# Paramedic Class Research Paper Topic



## BadCowboy0716 (Sep 19, 2012)

Ok I'm newer Paramedic Student.  We have 2 weeks to come up with a research topic to write a paper on.  I am newer to the field.  I did my EMT-B over the summer (one of the first classes here in VA to come out with the national cards in addition to the state card).  I started my EMT-B to Paramedic program right away because I got a full ride scholarship that I couldn't pass up!  While I'm applying for both paid and volunteer positions right now, I'm lacking experience of most in my class.

Any suggestions on a topic would greatly be appreciated!


I wanted a unique topic write on.  Last week here in Virginia they discussed the possibility of allowing EMS personnel to carry guns.  What do you guys and gals think of this as a possible topic too? :wacko:


----------



## Veneficus (Sep 19, 2012)

Aim low.

Don't pick anything controversial or broad topics. 

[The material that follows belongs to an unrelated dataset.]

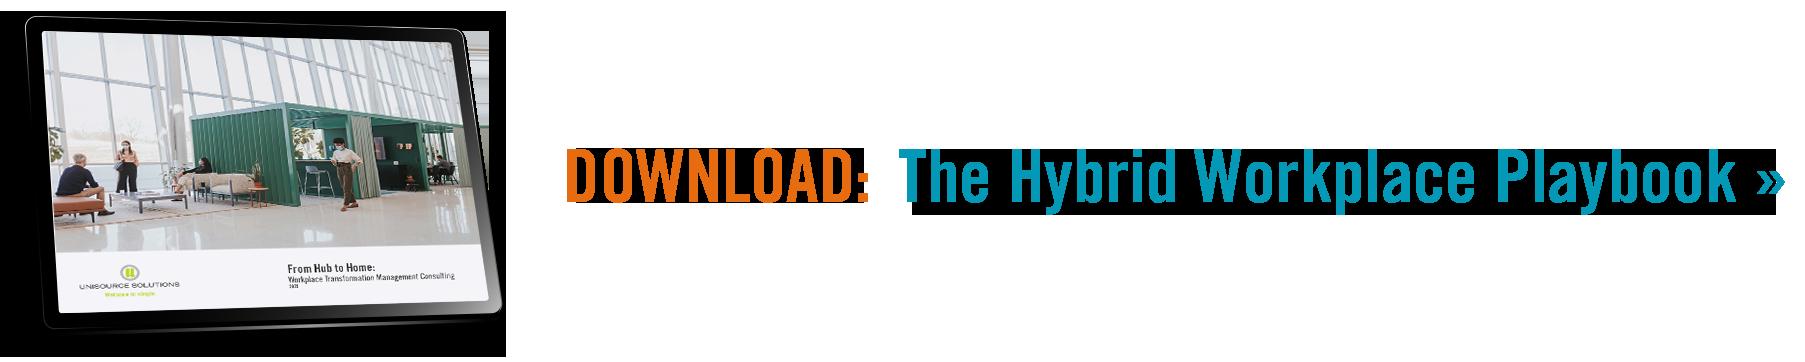 download-hybrid-playbook-banner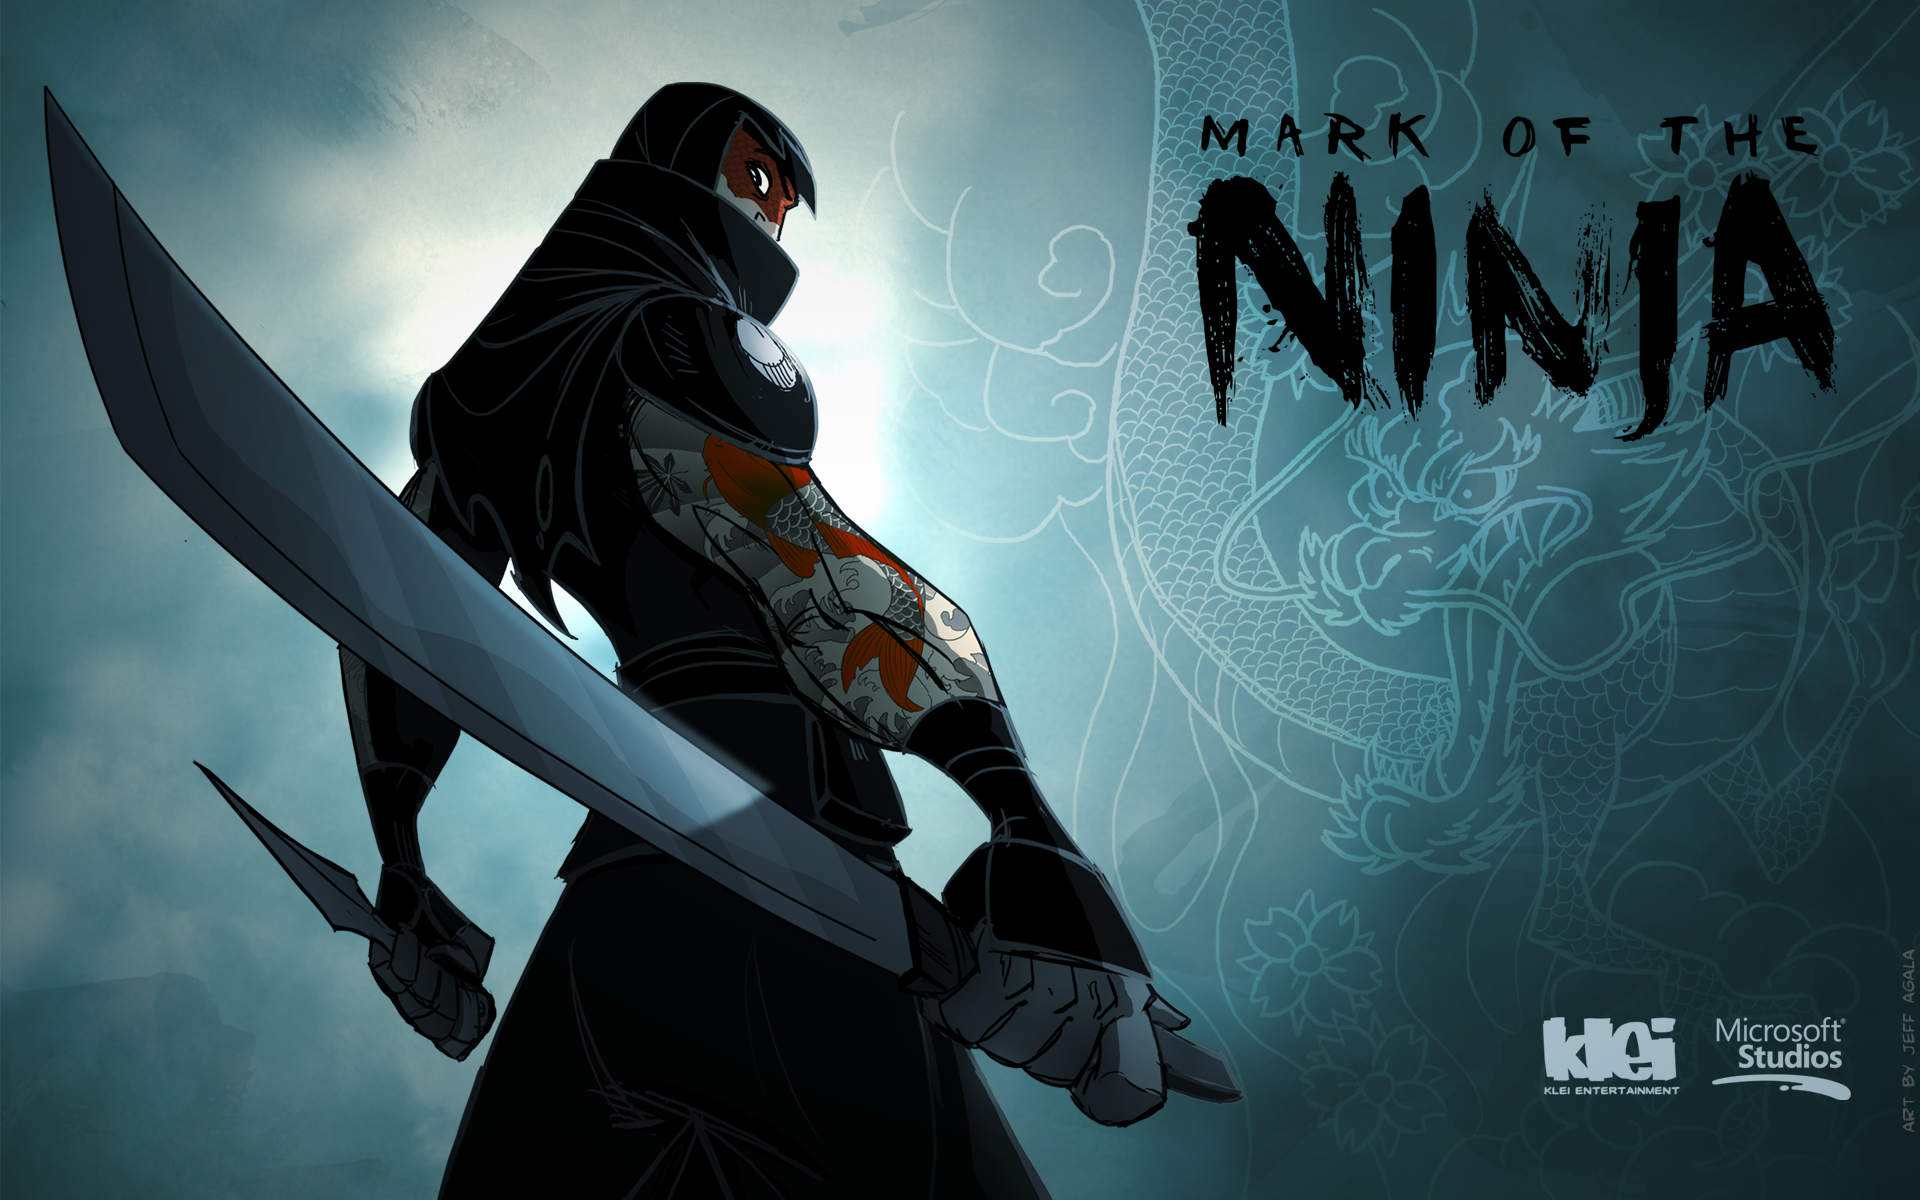 Mark of the NinjathespammockMark of the Ninja

Good research takes time. Even reviewing research takes time. 

Search pubmed on things that interest you and then refine your search until you get less than 20 hits. 

That is your topic.


----------



## usalsfyre (Sep 19, 2012)

I suggest the myth of hypoxic drive and the harm that can be caused by high FIO2 administration .

What's above is good advice. Stay away from topics your instructors may not be up to date on. Make sure the research you chose to support your argument is good literature.


----------



## Christopher (Sep 19, 2012)

BadCowboy0716 said:


> Ok I'm newer Paramedic Student.  We have 2 weeks to come up with a research topic to write a paper on.  I am newer to the field.  I did my EMT-B over the summer (one of the first classes here in VA to come out with the national cards in addition to the state card).  I started my EMT-B to Paramedic program right away because I got a full ride scholarship that I couldn't pass up!  While I'm applying for both paid and volunteer positions right now, I'm lacking experience of most in my class.
> 
> Any suggestions on a topic would greatly be appreciated!
> 
> ...



- Does the addition of ALS where BLS providers already operate improve patient outcomes?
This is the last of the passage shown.